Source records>
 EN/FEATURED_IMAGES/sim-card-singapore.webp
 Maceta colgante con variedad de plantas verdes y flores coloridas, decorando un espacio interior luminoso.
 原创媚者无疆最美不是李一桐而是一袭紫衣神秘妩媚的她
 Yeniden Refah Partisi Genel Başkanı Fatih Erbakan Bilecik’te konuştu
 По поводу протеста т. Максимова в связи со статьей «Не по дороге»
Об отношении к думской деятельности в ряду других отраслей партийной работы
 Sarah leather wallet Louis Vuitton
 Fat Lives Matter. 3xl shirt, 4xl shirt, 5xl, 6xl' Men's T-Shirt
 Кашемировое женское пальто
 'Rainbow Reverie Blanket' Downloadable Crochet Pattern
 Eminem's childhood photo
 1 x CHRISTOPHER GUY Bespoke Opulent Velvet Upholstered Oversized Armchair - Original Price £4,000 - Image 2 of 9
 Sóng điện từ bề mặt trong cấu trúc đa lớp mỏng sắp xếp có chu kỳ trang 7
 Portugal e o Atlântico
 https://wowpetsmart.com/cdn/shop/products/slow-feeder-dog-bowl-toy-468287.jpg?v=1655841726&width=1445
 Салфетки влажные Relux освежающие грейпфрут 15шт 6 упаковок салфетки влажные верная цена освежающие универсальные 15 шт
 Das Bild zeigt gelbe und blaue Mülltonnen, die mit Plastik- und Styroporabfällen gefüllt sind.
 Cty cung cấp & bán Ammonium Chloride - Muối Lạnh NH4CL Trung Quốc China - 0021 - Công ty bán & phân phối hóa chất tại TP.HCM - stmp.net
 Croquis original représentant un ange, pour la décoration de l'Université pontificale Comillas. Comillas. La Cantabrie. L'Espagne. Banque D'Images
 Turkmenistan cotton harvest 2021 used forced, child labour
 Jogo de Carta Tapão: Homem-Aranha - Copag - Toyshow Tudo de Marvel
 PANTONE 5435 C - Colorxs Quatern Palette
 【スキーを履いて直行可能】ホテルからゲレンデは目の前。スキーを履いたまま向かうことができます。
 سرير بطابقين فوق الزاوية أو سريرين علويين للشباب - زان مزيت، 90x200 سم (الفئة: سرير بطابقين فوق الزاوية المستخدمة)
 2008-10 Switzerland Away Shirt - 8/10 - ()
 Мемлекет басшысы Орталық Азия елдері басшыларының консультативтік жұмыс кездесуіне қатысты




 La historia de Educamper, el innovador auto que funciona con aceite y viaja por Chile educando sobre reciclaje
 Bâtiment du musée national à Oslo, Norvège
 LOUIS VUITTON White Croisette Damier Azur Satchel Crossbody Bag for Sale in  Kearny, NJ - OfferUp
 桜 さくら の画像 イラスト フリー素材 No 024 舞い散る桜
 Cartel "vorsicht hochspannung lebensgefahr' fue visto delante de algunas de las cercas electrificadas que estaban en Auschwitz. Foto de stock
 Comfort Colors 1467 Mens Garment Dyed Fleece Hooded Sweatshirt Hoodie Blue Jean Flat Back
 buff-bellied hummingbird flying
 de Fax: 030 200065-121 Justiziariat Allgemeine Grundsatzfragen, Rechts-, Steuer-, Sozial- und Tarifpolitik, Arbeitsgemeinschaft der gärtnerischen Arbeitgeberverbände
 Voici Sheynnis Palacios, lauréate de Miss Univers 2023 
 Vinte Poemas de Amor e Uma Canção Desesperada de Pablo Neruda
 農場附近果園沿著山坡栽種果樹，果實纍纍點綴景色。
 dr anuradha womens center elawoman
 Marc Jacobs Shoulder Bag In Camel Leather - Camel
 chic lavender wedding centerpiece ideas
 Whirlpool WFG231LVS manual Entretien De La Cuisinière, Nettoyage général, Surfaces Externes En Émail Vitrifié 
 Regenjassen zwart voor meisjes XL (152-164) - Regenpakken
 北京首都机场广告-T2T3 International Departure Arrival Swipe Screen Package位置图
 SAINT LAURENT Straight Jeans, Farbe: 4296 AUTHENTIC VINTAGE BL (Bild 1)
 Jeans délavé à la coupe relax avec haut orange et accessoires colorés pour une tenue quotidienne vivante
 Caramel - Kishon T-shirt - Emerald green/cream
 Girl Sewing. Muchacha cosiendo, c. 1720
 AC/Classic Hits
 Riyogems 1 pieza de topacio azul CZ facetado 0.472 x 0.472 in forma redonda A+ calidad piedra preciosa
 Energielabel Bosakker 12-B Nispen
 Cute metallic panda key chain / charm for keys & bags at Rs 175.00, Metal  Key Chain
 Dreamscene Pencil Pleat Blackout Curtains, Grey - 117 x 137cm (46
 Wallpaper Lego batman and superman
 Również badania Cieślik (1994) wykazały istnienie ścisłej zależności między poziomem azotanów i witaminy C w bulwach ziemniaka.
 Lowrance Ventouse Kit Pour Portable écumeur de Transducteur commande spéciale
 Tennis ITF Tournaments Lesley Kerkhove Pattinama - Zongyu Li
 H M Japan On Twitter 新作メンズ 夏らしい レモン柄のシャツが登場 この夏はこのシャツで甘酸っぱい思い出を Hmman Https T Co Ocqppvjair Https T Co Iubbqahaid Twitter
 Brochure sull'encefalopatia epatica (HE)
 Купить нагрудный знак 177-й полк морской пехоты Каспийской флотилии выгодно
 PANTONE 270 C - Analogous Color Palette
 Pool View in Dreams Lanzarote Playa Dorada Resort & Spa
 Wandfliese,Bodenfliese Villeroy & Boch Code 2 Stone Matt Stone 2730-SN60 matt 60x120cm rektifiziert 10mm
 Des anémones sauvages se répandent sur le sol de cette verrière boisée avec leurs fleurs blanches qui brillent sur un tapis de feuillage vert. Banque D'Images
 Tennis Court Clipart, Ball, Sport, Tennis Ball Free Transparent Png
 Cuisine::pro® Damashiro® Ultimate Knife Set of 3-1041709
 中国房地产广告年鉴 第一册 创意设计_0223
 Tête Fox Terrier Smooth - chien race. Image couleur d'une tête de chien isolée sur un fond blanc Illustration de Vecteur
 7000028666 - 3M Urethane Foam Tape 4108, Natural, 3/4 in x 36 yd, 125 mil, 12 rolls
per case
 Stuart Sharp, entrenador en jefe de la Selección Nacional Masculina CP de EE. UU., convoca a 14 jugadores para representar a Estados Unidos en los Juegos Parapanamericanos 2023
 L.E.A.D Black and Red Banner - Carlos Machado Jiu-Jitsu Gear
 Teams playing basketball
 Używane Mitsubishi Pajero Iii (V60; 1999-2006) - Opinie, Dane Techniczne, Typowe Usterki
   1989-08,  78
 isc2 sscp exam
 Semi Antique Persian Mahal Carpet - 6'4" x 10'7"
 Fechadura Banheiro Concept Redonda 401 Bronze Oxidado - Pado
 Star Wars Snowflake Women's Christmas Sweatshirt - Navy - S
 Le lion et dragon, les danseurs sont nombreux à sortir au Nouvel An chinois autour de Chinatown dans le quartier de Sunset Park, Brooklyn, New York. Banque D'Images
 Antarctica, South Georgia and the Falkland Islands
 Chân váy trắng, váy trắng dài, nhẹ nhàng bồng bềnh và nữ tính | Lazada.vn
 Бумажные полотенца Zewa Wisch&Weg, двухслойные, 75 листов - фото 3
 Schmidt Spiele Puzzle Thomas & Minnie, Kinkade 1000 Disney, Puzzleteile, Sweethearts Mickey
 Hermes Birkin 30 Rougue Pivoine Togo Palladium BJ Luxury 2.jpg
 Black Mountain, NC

The task> Look back at the data above. Transcribe exactly the lines starting at the line that contains "SAINT LAURENT Straight" and ending at the line that contains "Pool View in".

Solution for this task>
 SAINT LAURENT Straight Jeans, Farbe: 4296 AUTHENTIC VINTAGE BL (Bild 1)
 Jeans délavé à la coupe relax avec haut orange et accessoires colorés pour une tenue quotidienne vivante
 Caramel - Kishon T-shirt - Emerald green/cream
 Girl Sewing. Muchacha cosiendo, c. 1720
 AC/Classic Hits
 Riyogems 1 pieza de topacio azul CZ facetado 0.472 x 0.472 in forma redonda A+ calidad piedra preciosa
 Energielabel Bosakker 12-B Nispen
 Cute metallic panda key chain / charm for keys & bags at Rs 175.00, Metal  Key Chain
 Dreamscene Pencil Pleat Blackout Curtains, Grey - 117 x 137cm (46
 Wallpaper Lego batman and superman
 Również badania Cieślik (1994) wykazały istnienie ścisłej zależności między poziomem azotanów i witaminy C w bulwach ziemniaka.
 Lowrance Ventouse Kit Pour Portable écumeur de Transducteur commande spéciale
 Tennis ITF Tournaments Lesley Kerkhove Pattinama - Zongyu Li
 H M Japan On Twitter 新作メンズ 夏らしい レモン柄のシャツが登場 この夏はこのシャツで甘酸っぱい思い出を Hmman Https T Co Ocqppvjair Https T Co Iubbqahaid Twitter
 Brochure sull'encefalopatia epatica (HE)
 Купить нагрудный знак 177-й полк морской пехоты Каспийской флотилии выгодно
 PANTONE 270 C - Analogous Color Palette
 Pool View in Dreams Lanzarote Playa Dorada Resort & Spa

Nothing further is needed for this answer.